Last year a group of swedish scientists managed to actually teleport one electrone across a small distance. The term teleportation may be off, but what happened was that the electrone dissapeared from location 1 and an identical electrone appeared at location 2 within a timespan that equals 4 times the speed of light. This form of technology may be one possible way to go with future computers...

I believe molecular (SP) computing is in the lead right now to replace the chip. Molecular computing in when they take polymers that have electrical conductive properties. And uses the polymer molecules at transistors and other composites.

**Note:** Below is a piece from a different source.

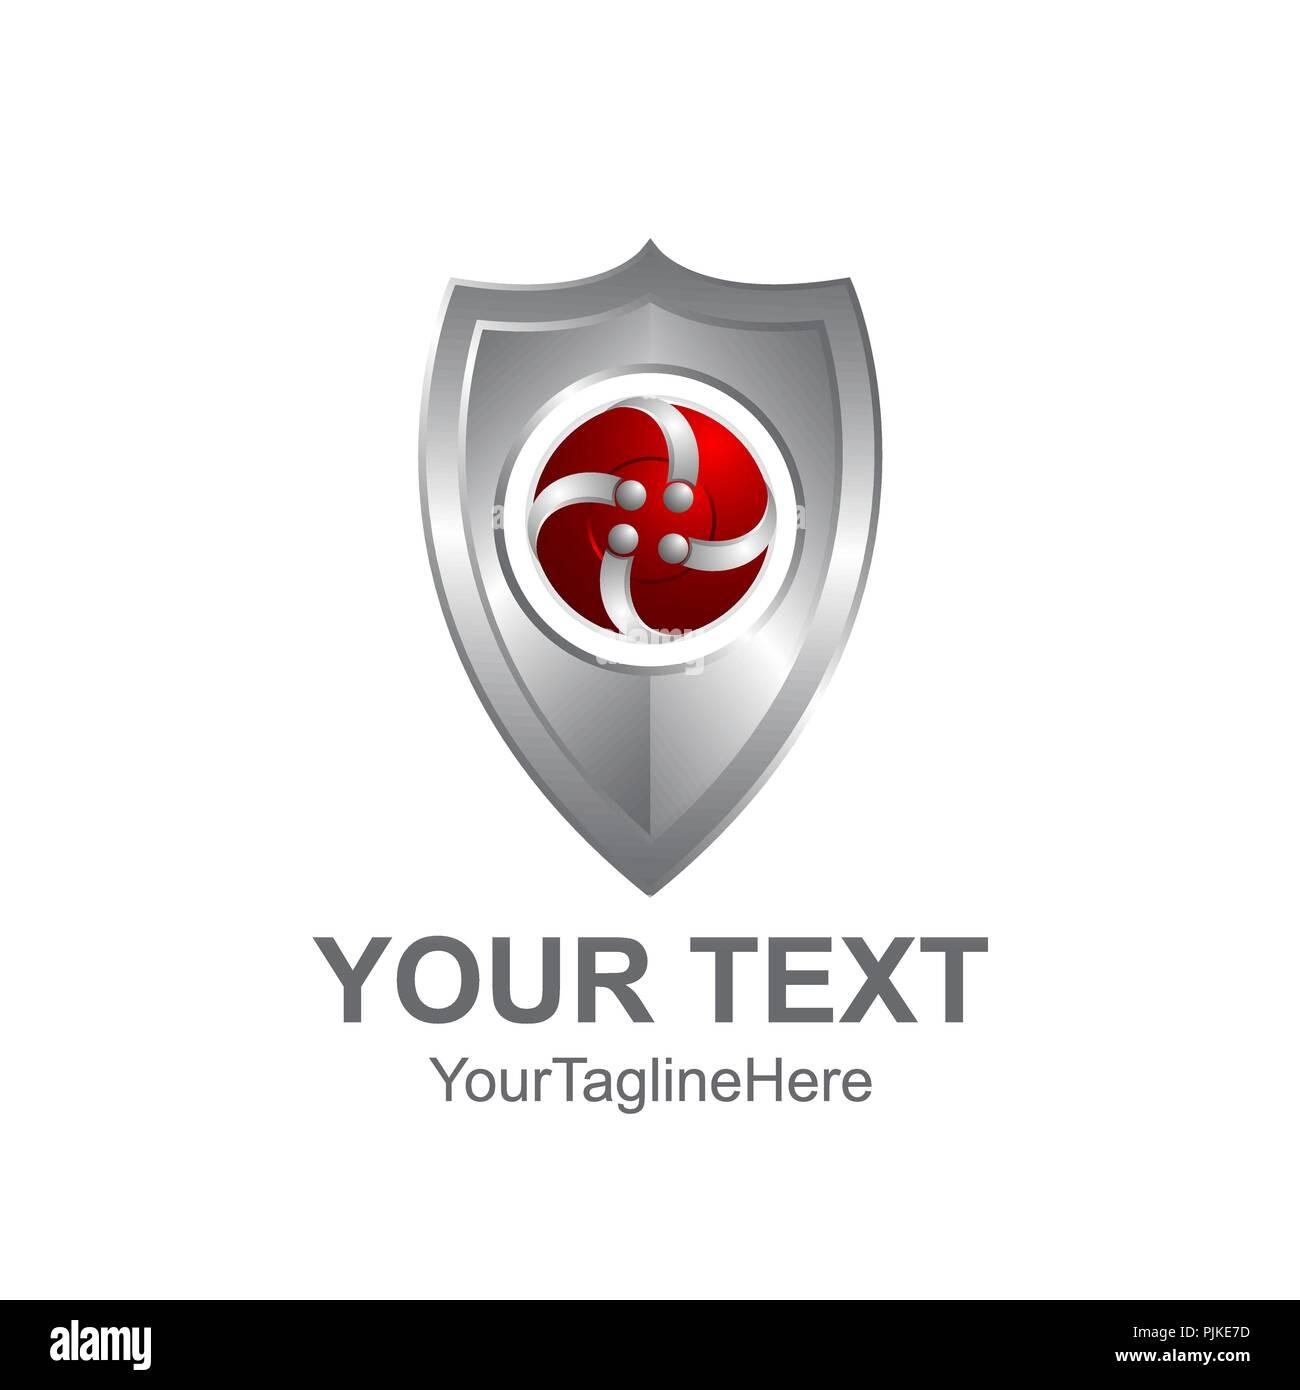 Creative Abstract 3d Badge Shape Shield Vector Logo Design Template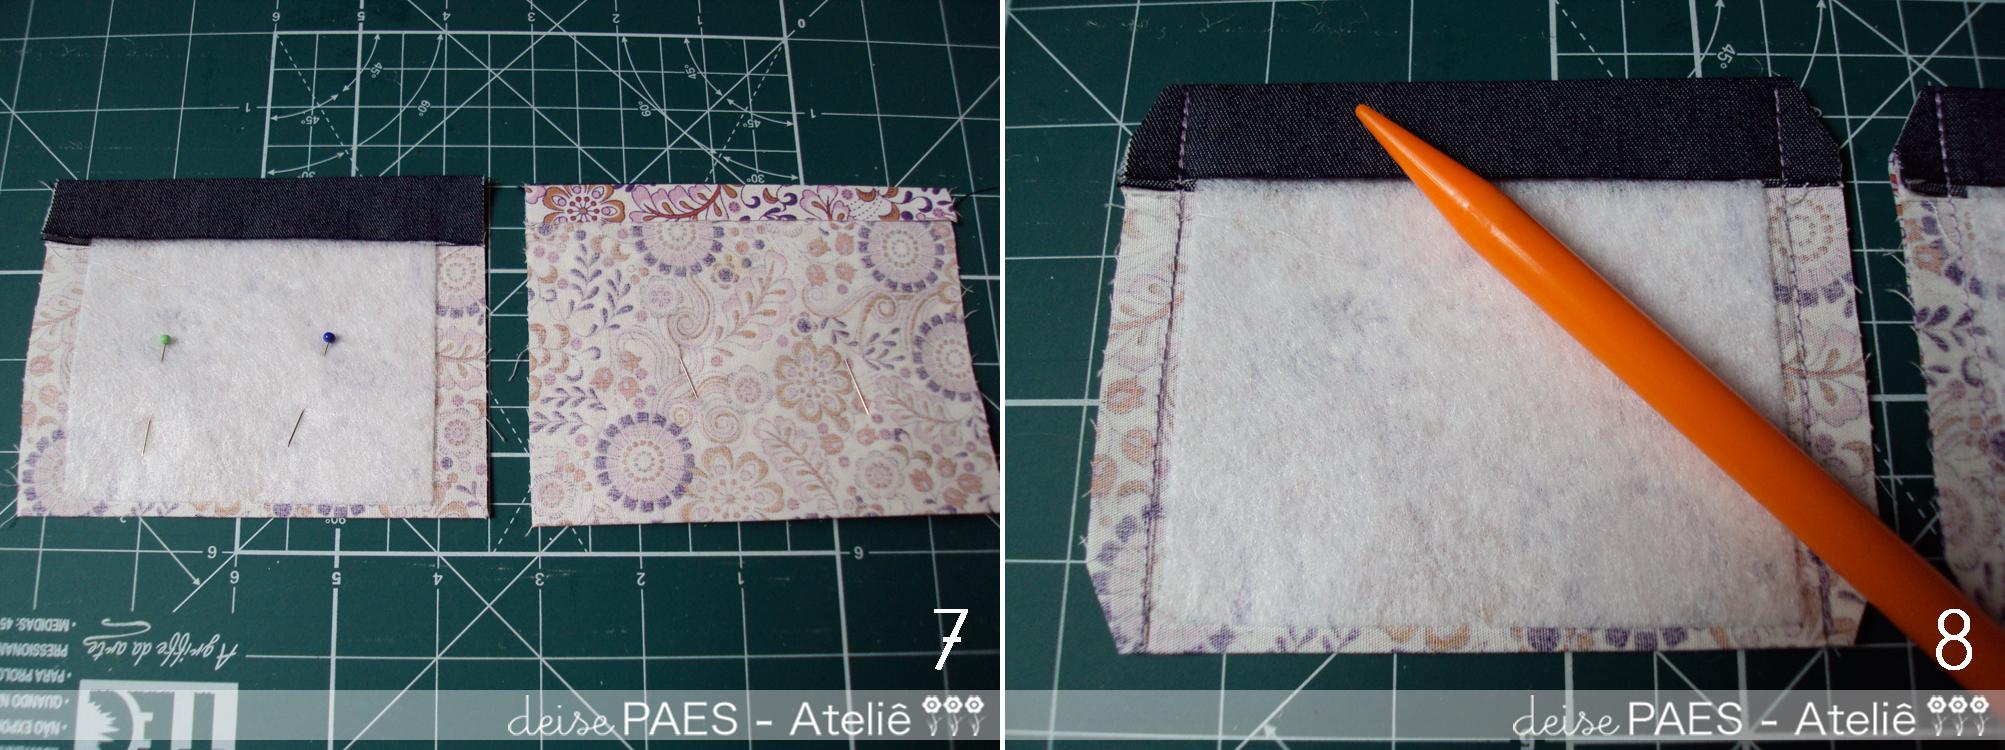 porta-absorventes - 04

yeah I wish that they would make it bigger because when I put on a Hsf cooler I don't want to crack it because of it's small size.

Originally posted by fuzzba11
My question would then be why do they make the core so small? They should extend the core over the entire chip, and maybe make it out of gold as well as the pins. We have heatsinks that have at least 10 times the 2D dimentions of the core...

Originally posted by FerrariF50
yeah I wish that they would make it bigger because when I put on a Hsf cooler I don't want to crack it because of it's small size.



The solution to cracking is an integrated heat spreader like the K6-2 line had. This will be especially important when AMD goes to .13 form .18 I wonder why they stopped putting the heatspreaders on their cpu's....maybe to save a few cents in production?

That metal cover onver top of the chip? That said Amd K6 or whatever?


Originally posted by ken257


The solution to cracking is an integrated heat spreader like the K6-2 line had. This will be especially important when AMD goes to .13 form .18 I wonder why they stopped putting the heatspreaders on their cpu's....maybe to save a few cents in production?

Hopeing that Amd is smart they better do something fast or they might put themselfs in a corner untill they can find new stuff that makes the Cpu go faster without less heat.


Originally posted by cjtune


Stock waterblocks on each boxed CPU? All casings then might cost at least $99.95 more as they would have to come with radiator, pump, tubing and all the neccesary chems. Just add water and stir...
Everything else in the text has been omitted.